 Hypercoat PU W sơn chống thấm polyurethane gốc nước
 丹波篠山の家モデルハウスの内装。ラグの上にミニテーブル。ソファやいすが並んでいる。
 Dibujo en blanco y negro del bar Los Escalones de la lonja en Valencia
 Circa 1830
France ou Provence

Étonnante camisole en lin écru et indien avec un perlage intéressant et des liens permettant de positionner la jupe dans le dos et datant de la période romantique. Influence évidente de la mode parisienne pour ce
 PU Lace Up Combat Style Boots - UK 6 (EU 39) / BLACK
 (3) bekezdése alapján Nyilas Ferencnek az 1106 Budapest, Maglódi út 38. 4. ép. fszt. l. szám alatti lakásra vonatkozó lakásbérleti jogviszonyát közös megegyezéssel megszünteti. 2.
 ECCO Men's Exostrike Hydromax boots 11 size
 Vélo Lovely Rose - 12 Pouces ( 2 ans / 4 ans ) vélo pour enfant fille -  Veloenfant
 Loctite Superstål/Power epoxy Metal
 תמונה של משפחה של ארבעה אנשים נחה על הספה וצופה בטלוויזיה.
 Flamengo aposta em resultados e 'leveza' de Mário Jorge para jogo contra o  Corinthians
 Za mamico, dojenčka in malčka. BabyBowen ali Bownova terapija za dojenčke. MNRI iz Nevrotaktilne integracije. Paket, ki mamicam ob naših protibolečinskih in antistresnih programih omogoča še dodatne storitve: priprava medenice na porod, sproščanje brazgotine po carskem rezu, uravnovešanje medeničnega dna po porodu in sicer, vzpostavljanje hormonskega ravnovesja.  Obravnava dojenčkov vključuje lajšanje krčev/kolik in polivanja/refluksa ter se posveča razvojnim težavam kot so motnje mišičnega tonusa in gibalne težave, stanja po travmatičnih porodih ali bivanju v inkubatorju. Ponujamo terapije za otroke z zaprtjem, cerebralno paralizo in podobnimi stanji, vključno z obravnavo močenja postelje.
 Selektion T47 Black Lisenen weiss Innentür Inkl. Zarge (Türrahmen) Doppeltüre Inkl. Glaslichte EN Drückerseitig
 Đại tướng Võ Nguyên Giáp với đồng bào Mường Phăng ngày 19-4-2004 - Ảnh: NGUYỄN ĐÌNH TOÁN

________

Set down the records above once more, exactly as given.

• **PROBLEM SOLUTION**
 Hypercoat PU W sơn chống thấm polyurethane gốc nước
 丹波篠山の家モデルハウスの内装。ラグの上にミニテーブル。ソファやいすが並んでいる。
 Dibujo en blanco y negro del bar Los Escalones de la lonja en Valencia
 Circa 1830
France ou Provence

Étonnante camisole en lin écru et indien avec un perlage intéressant et des liens permettant de positionner la jupe dans le dos et datant de la période romantique. Influence évidente de la mode parisienne pour ce
 PU Lace Up Combat Style Boots - UK 6 (EU 39) / BLACK
 (3) bekezdése alapján Nyilas Ferencnek az 1106 Budapest, Maglódi út 38. 4. ép. fszt. l. szám alatti lakásra vonatkozó lakásbérleti jogviszonyát közös megegyezéssel megszünteti. 2.
 ECCO Men's Exostrike Hydromax boots 11 size
 Vélo Lovely Rose - 12 Pouces ( 2 ans / 4 ans ) vélo pour enfant fille -  Veloenfant
 Loctite Superstål/Power epoxy Metal
 תמונה של משפחה של ארבעה אנשים נחה על הספה וצופה בטלוויזיה.
 Flamengo aposta em resultados e 'leveza' de Mário Jorge para jogo contra o  Corinthians
 Za mamico, dojenčka in malčka. BabyBowen ali Bownova terapija za dojenčke. MNRI iz Nevrotaktilne integracije. Paket, ki mamicam ob naših protibolečinskih in antistresnih programih omogoča še dodatne storitve: priprava medenice na porod, sproščanje brazgotine po carskem rezu, uravnovešanje medeničnega dna po porodu in sicer, vzpostavljanje hormonskega ravnovesja.  Obravnava dojenčkov vključuje lajšanje krčev/kolik in polivanja/refluksa ter se posveča razvojnim težavam kot so motnje mišičnega tonusa in gibalne težave, stanja po travmatičnih porodih ali bivanju v inkubatorju. Ponujamo terapije za otroke z zaprtjem, cerebralno paralizo in podobnimi stanji, vključno z obravnavo močenja postelje.
 Selektion T47 Black Lisenen weiss Innentür Inkl. Zarge (Türrahmen) Doppeltüre Inkl. Glaslichte EN Drückerseitig
 Đại tướng Võ Nguyên Giáp với đồng bào Mường Phăng ngày 19-4-2004 - Ảnh: NGUYỄN ĐÌNH TOÁN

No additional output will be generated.